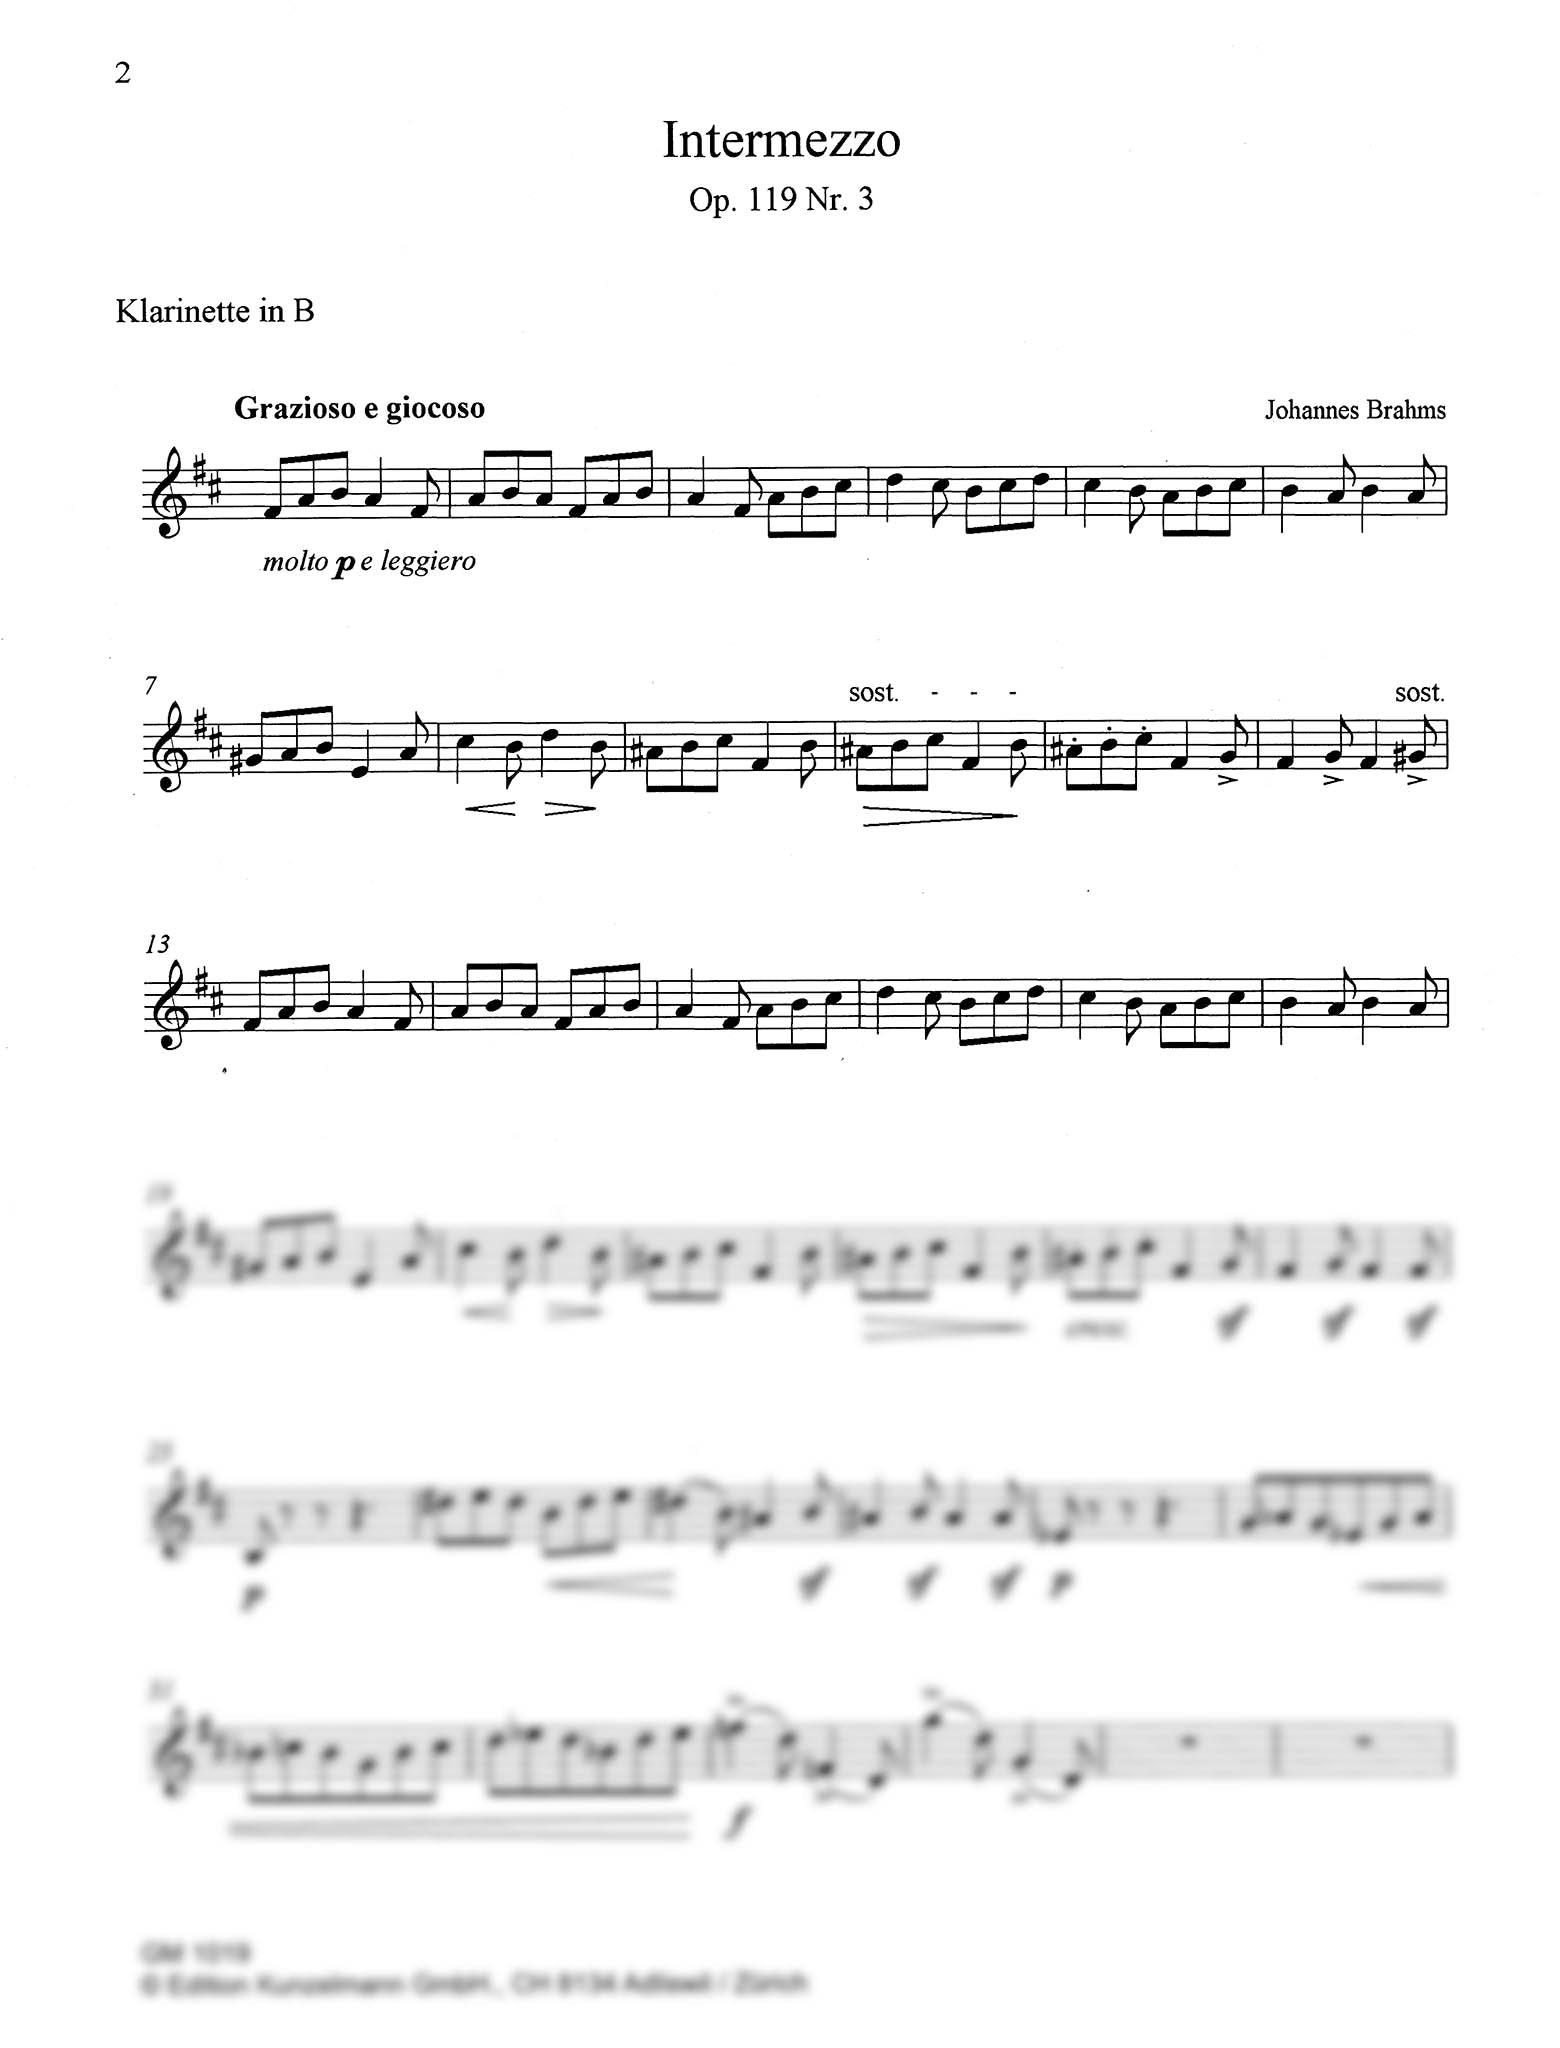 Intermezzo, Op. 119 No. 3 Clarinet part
* * *
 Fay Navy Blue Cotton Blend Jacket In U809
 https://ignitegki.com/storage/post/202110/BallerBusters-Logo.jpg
==
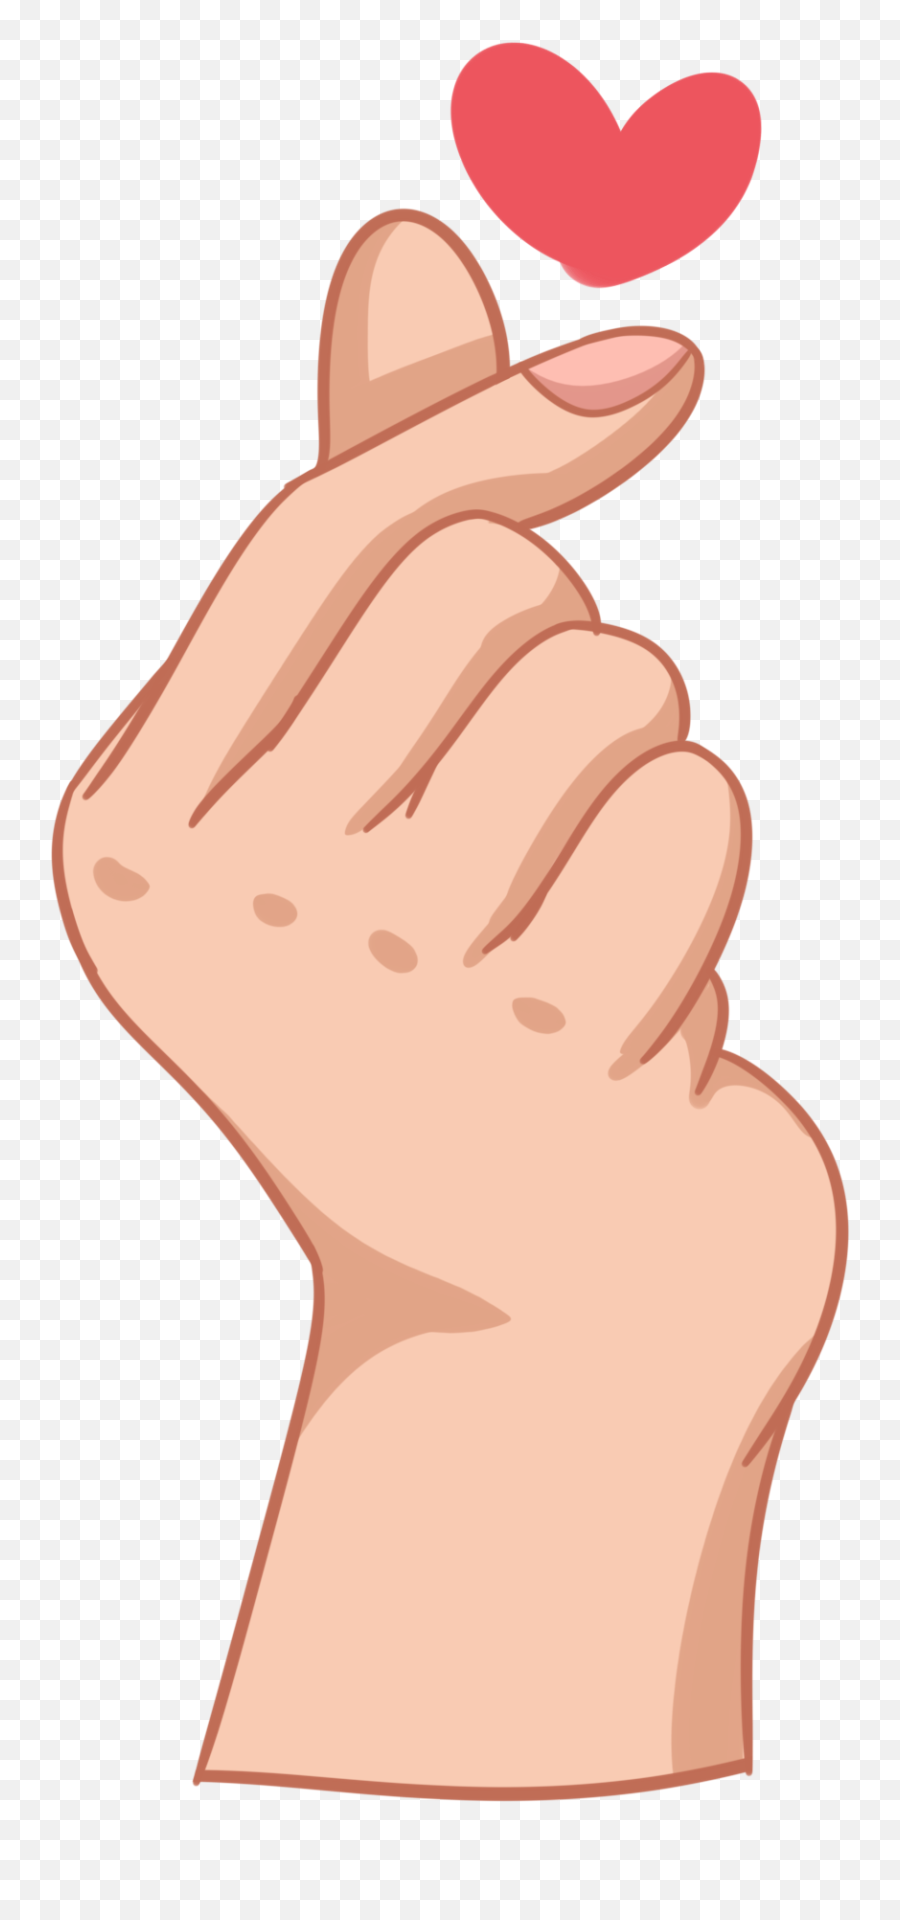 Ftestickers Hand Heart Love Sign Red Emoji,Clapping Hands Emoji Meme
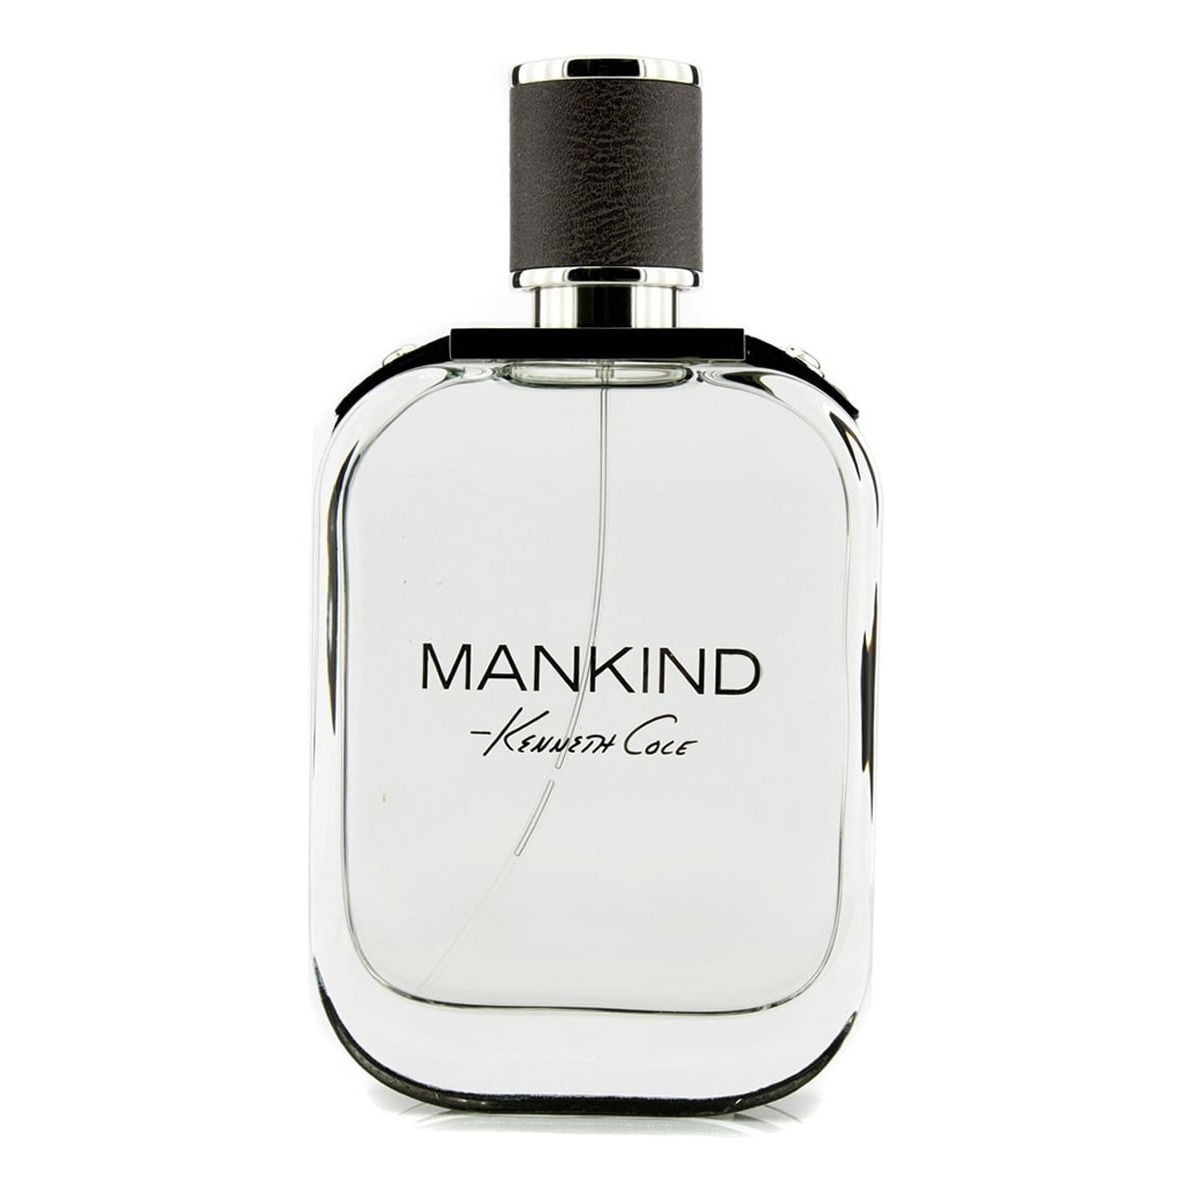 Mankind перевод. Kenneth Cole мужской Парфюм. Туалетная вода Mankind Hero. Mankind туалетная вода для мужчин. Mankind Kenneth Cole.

> **EXERCISE BRIEF**: Print nothing but the lines above starting with the line that contains "Ftestickers Hand Heart" and going on through the line that contains "Mankind перевод. Kenneth". Leave out the pictures.

> **WRITTEN ANSWER**:
 Ftestickers Hand Heart Love Sign Red Emoji,Clapping Hands Emoji Meme
 Mankind перевод. Kenneth Cole мужской Парфюм. Туалетная вода Mankind Hero. Mankind туалетная вода для мужчин. Mankind Kenneth Cole.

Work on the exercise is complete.